There are a number of key features to the promoter region that give it the ability to provide the signal initiating transcription. While nearly all promoters vary slightly, they all have general traits that can be identified. Located approximately 10 and 32 base pairs upstream of the start site are two such regions, called the -10 and -35 sequences. Each sequence consists of six base pairs. For an ideal promoter, the sequence is TTGACA for the -35 region and TATAAT for the -10 region.

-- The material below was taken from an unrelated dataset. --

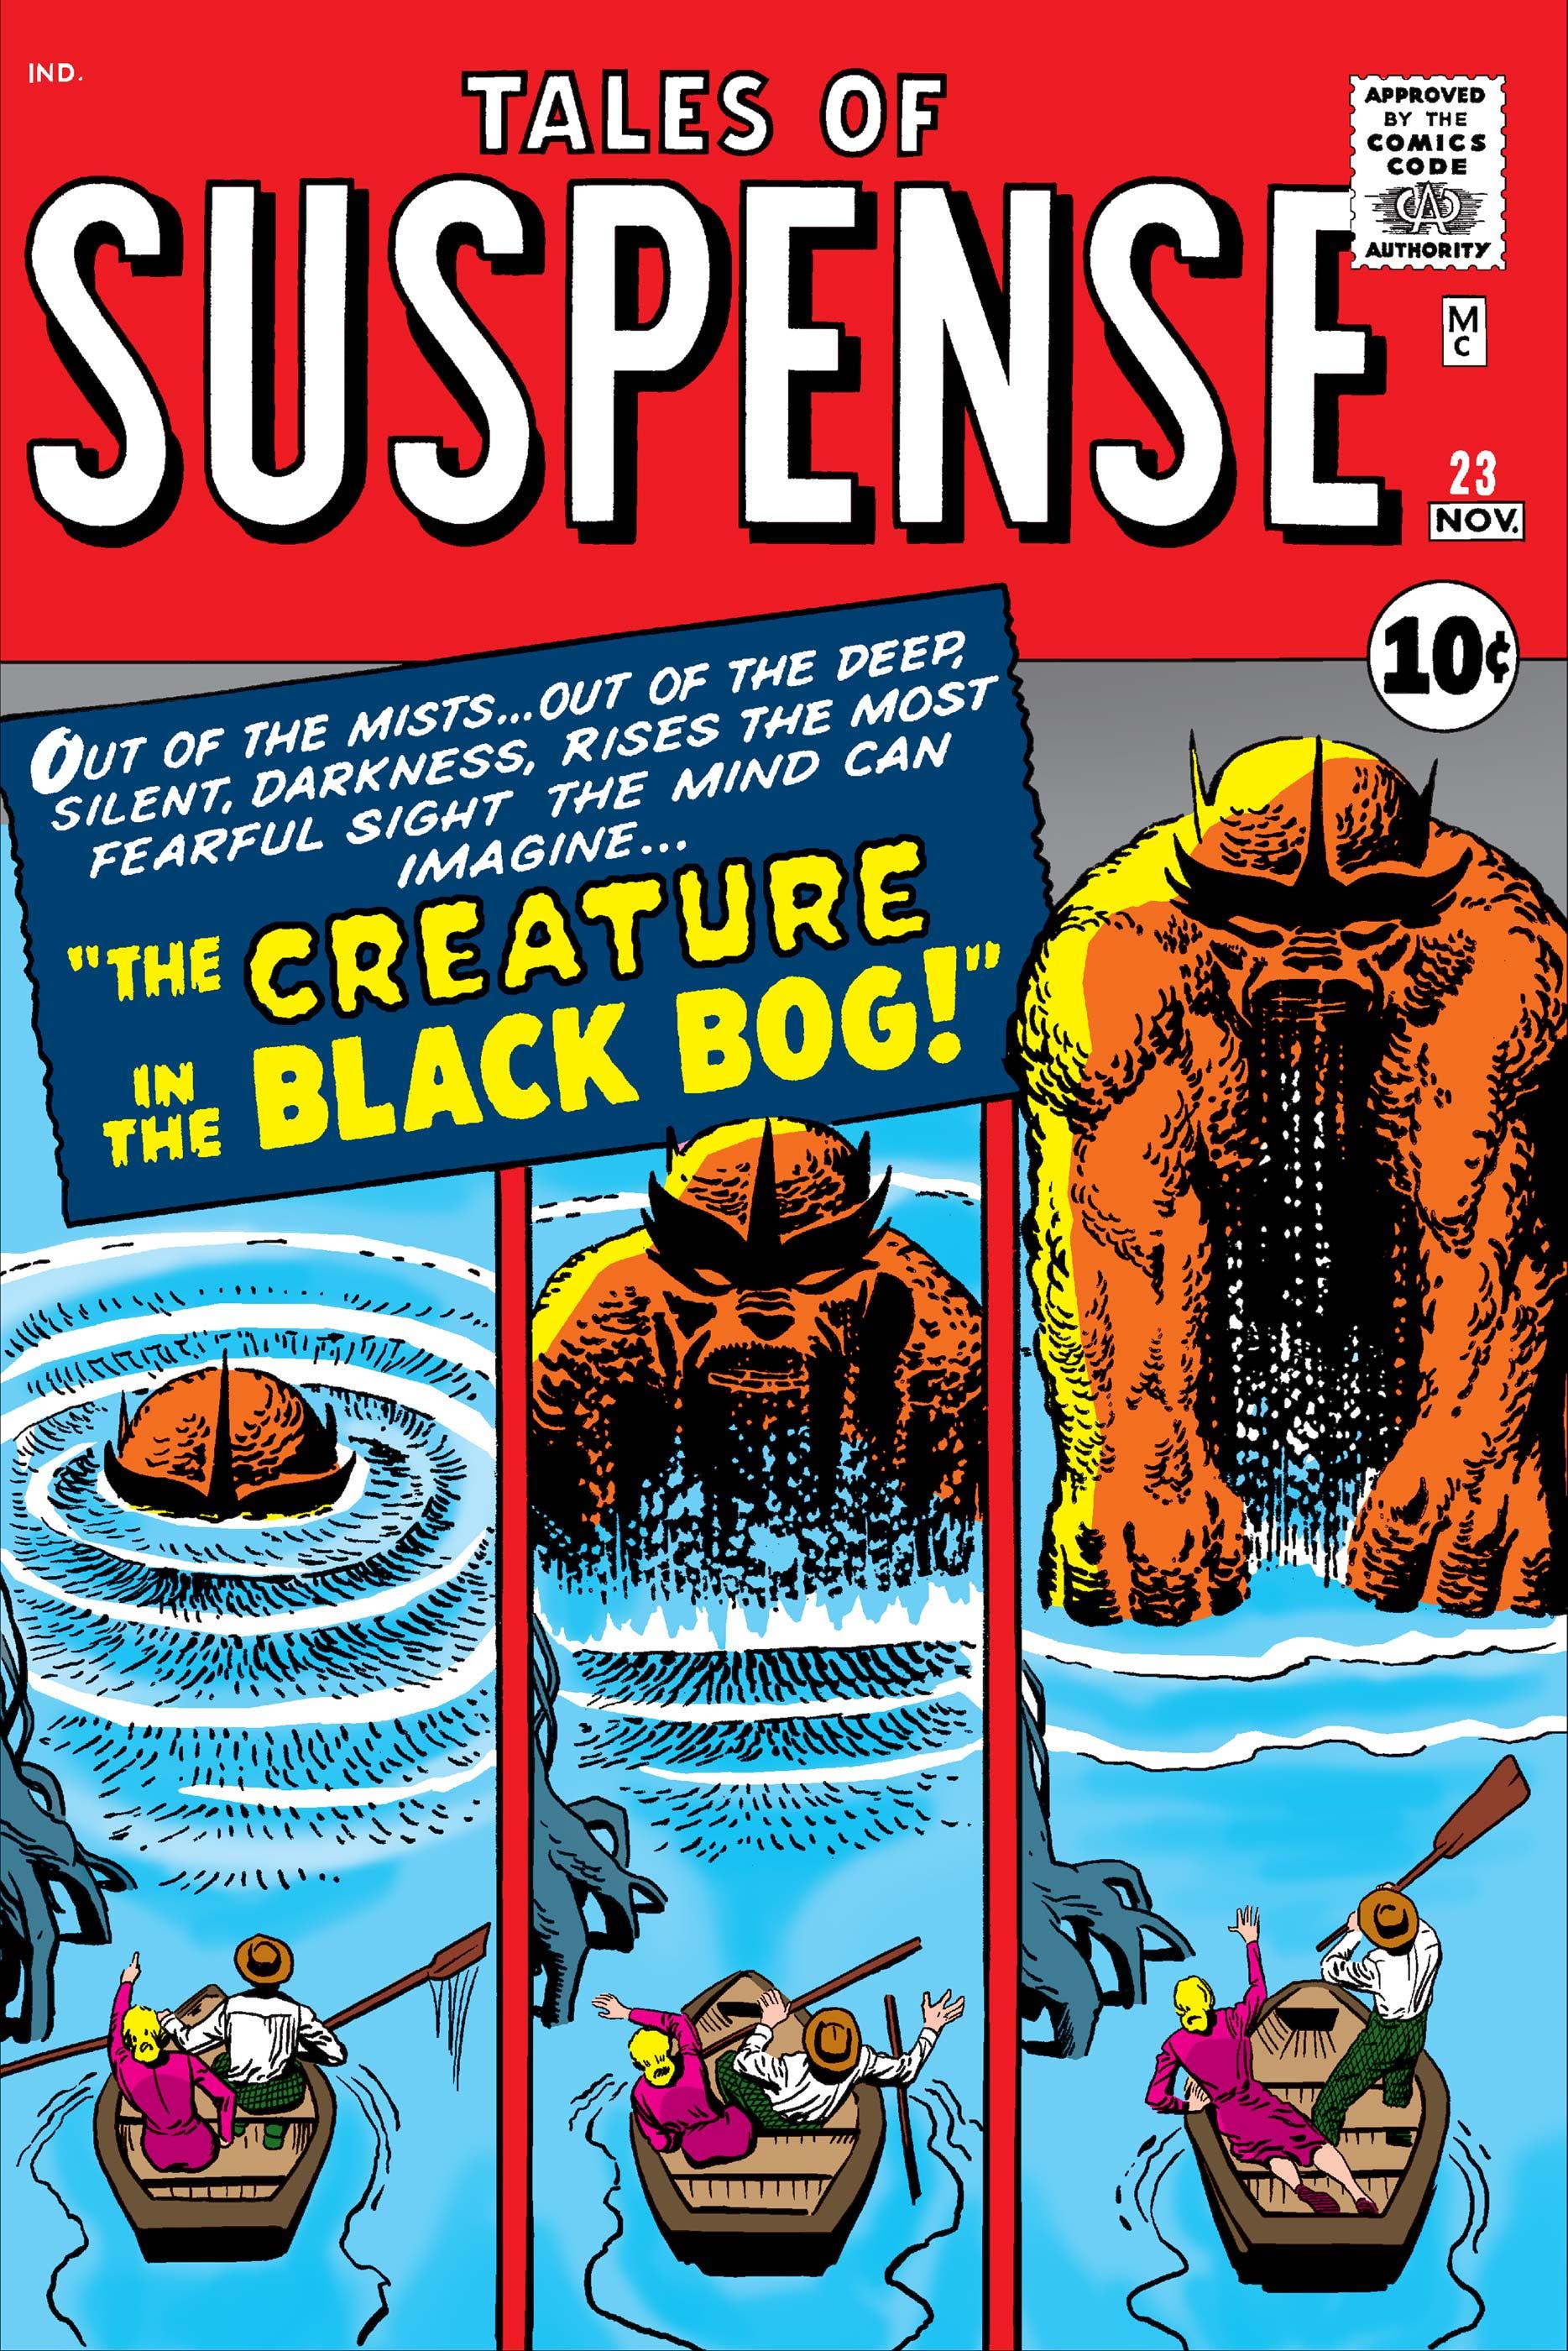 Tales of Suspense (1959) #23

In addition to the specificity of the bases in these sequences, the spacing between the two is also important. Ideally, this gap is 17 base pairs long. Deviations from this spacing have significant effects on the strength of the promoter region. The closer a promoter region is to matching this canonical promoter sequence, the greater its strength.
There is a third promoter element that is sometimes seen in very strong promoters which is called the UP element. It usually is composed of alternating stretches of 5 adenine and thymine bases. It is located upstream of the -35 region.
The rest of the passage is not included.